Window to the Law: Copyright Issues for Real Estate Professionals - Transcript
It can be really tempting to use that perfect photo that you found online in your business marketing materials, but before doing so, ask yourself: Do you have permission from the owner to use that image? If not, you could be held liable for copyright infringement, which occurs when copyrighted content is used without the owner’s permission.
A copyright owner owns the rights to reproduce, distribute copies, perform, display and prepare derivative works of the copyrighted work. Using a copyrighted work without permission is an infringement and could result in liability. A court could award injunctive relief, damages, attorneys’ fees and order destruction of the infringing materials. If the infringement occurs after the owner registers the copyright with the U.S. Copyright Office, then the owner may be entitled to statutory damages, which can be as high as $150,000 per work for willful infringement.
Some risk management strategies to avoid claims of copyright infringement include:
- Don’t use a third-party work in your business materials unless you obtain permission from the copyright owner. The owner may not be immediately apparent, so budget time to conduct any necessary research and to communicate with the owner about permission. If you cannot determine who the owner is, don’t use the work.

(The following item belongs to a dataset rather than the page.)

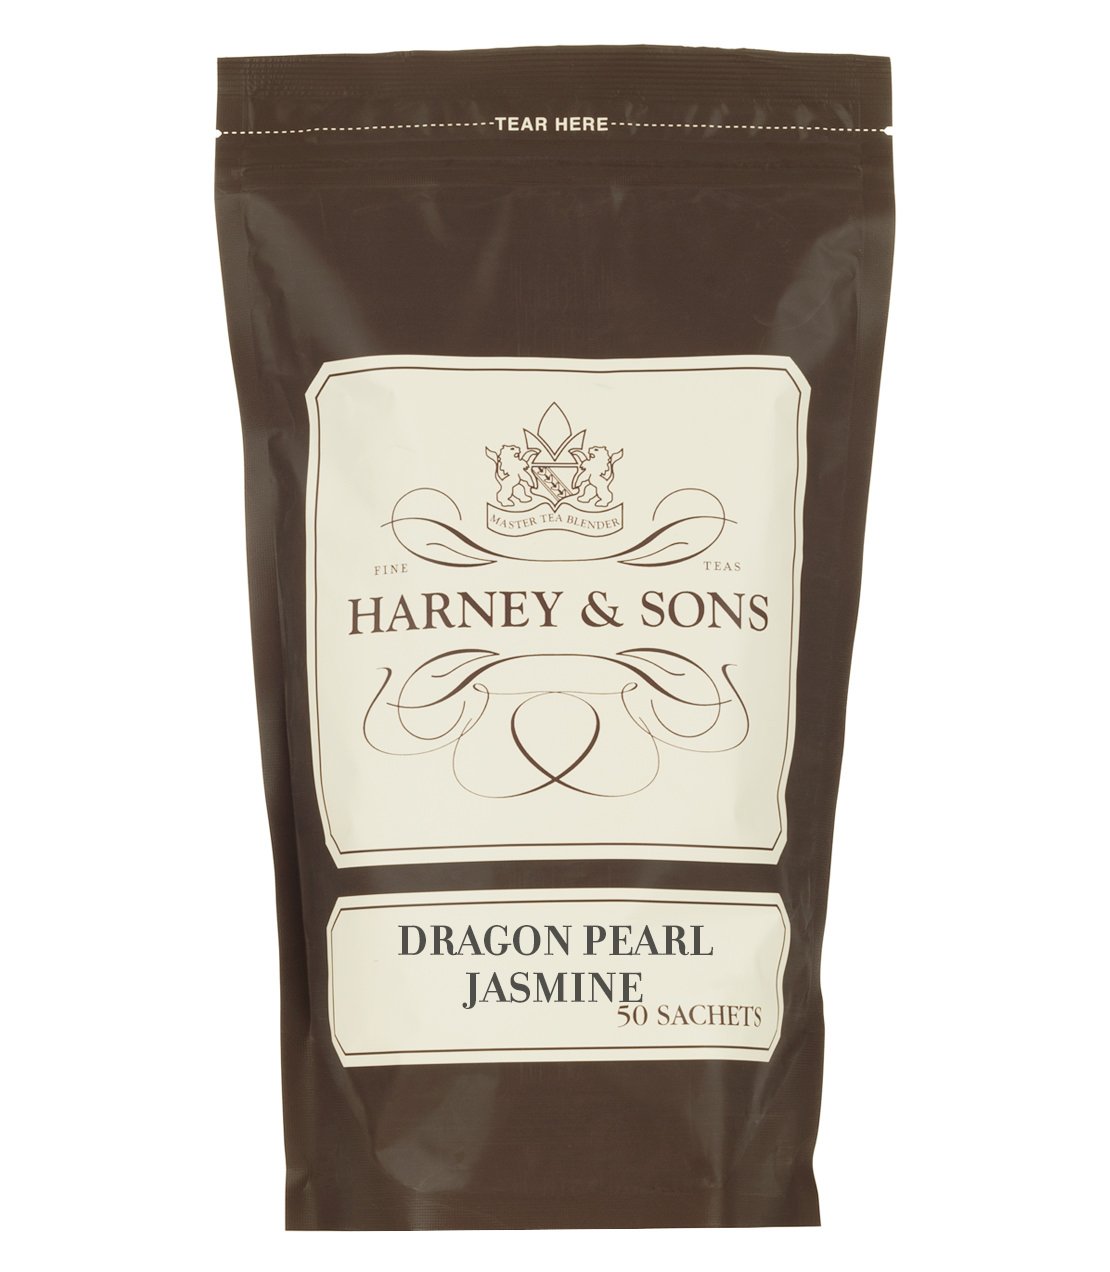 Dragon Pearl Jasmine, Bag of 50 Sachets - The best Jasmine Tea - Harney & Sons Fine Teas Europe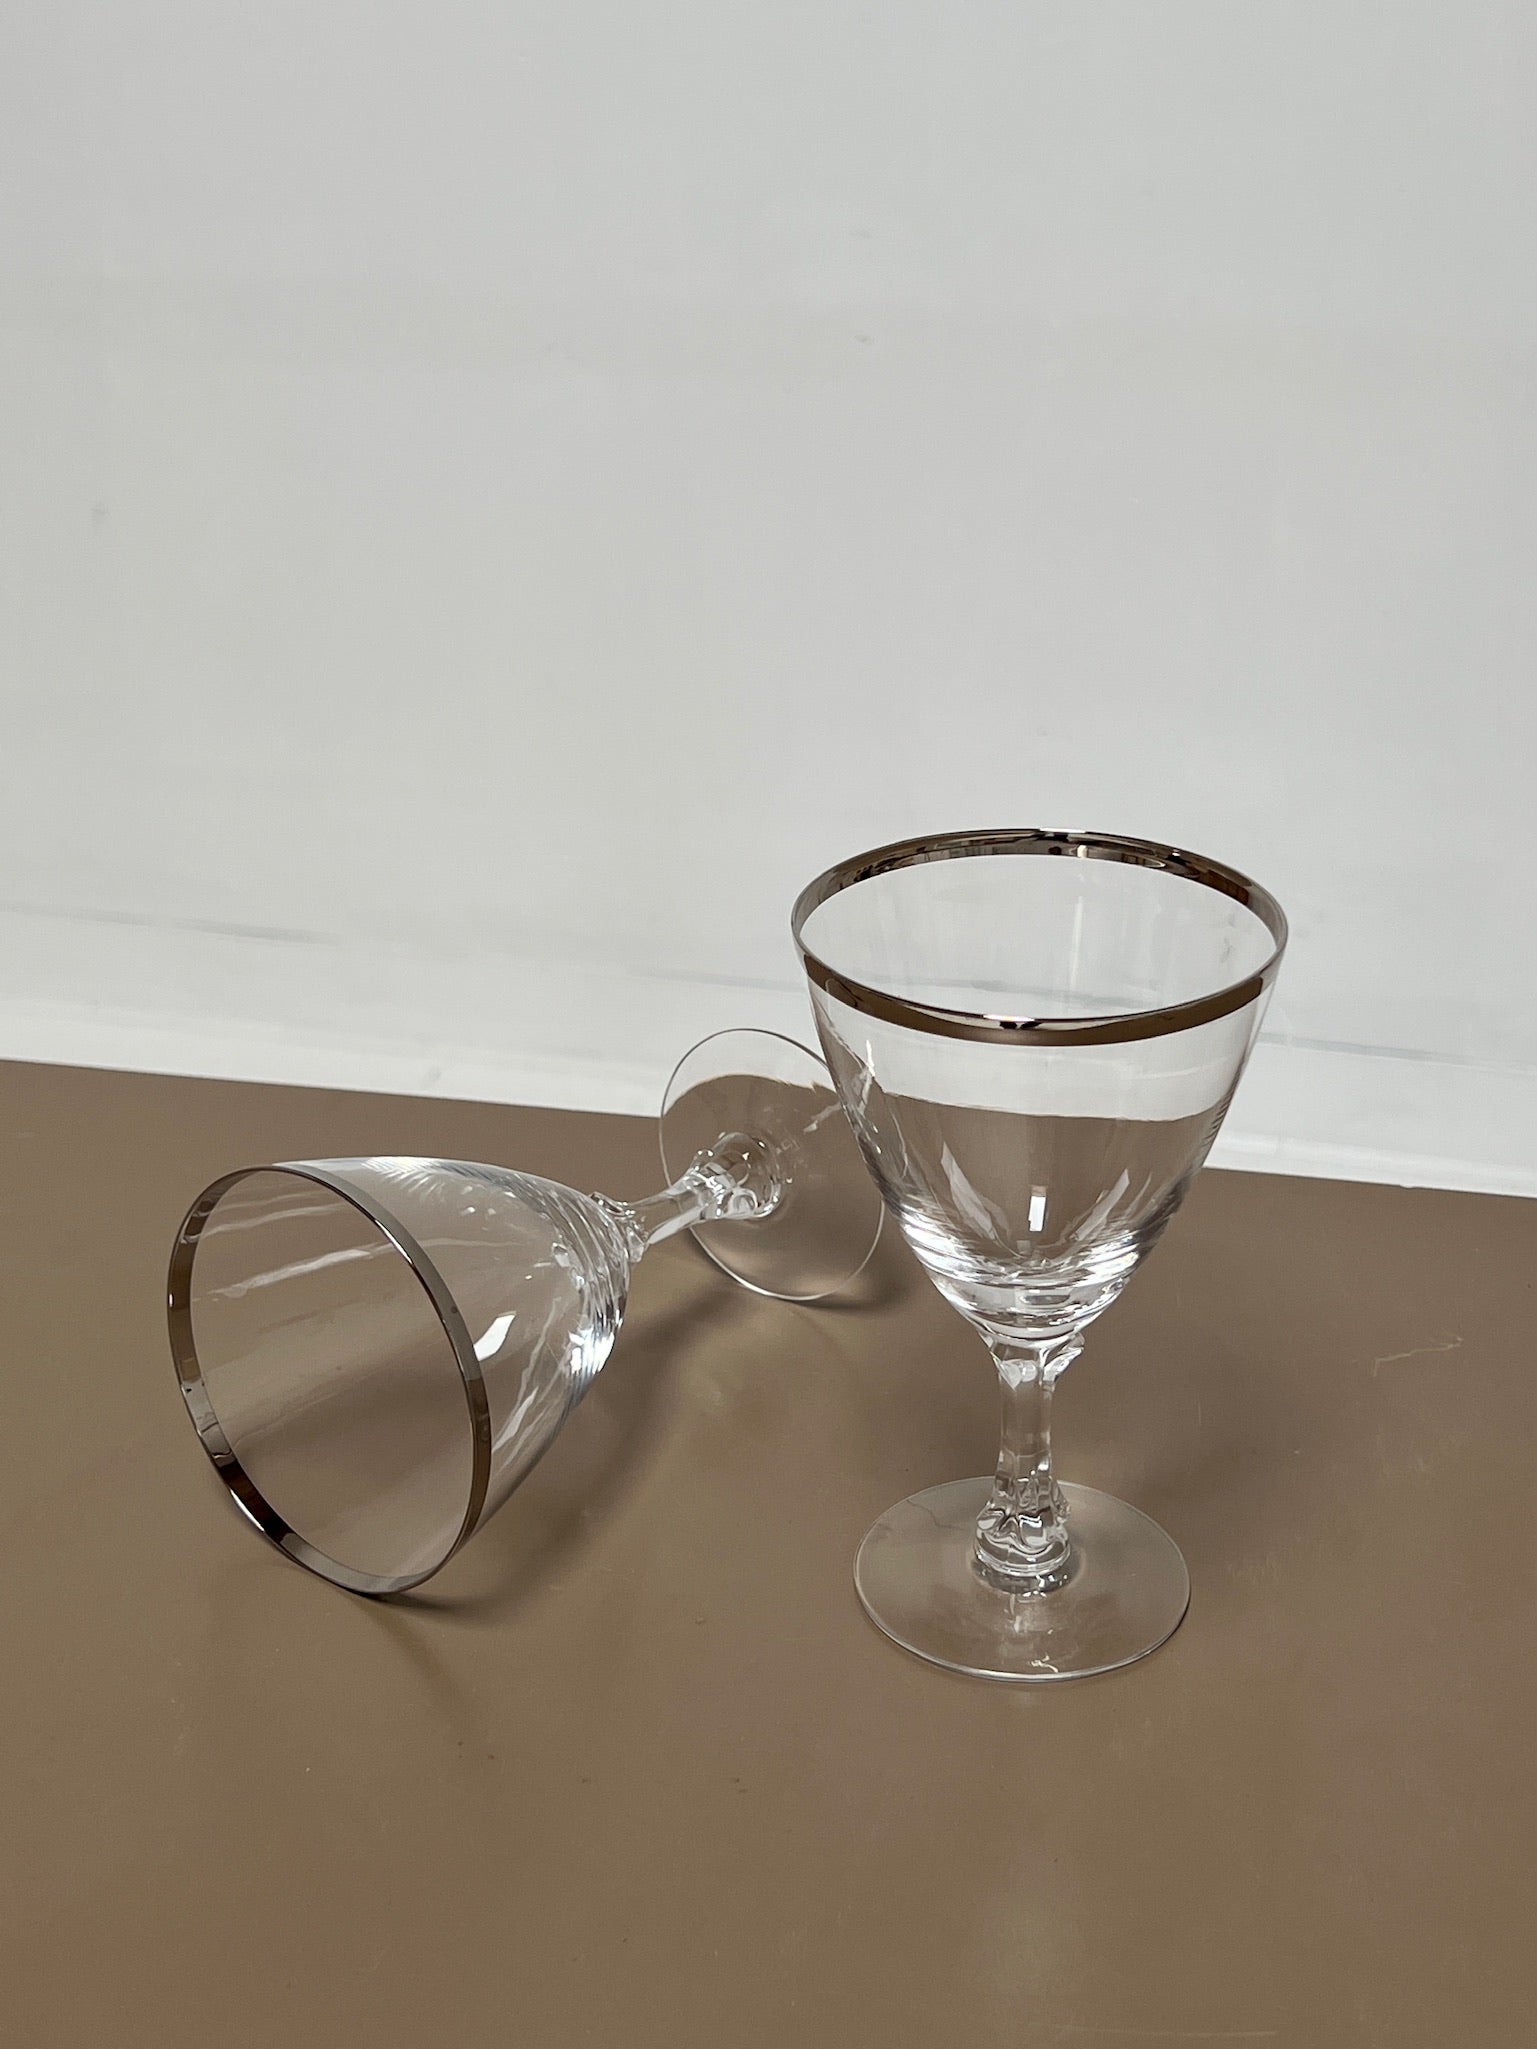 Fostoria Crystal Wine Glasses

- If you do receive permission to use a copyrighted work, memorialize that permission in a license agreement that describes the scope of your permitted use, including the length of time you may use the work, the mediums in which you may use the work, and any geographic restrictions on your use. Keep in mind that your use of the third-party work must comply with the terms of your license. Use that falls outside the scope of the license constitutes copyright infringement.
For listing photos, be sure to use an agreement with the photographer. NAR created sample photo agreements for members, which are available on nar.realtor.
- Save copies of your license agreements. If your use of a third-party work is ever challenged as unauthorized, you will be able to prove that you had permission to use the work.
- When using music, make sure you have the appropriate license. To play music at an event, either pre-recorded or through a live band, you need a performing rights license. To incorporate music into a video, you need a synchronization license and a master recording license. Keep in mind that there are online companies that offer stock music along with the synchronization and master recording licenses needed to incorporate a song into a video.
Thanks for watching this episode of Window to the Law.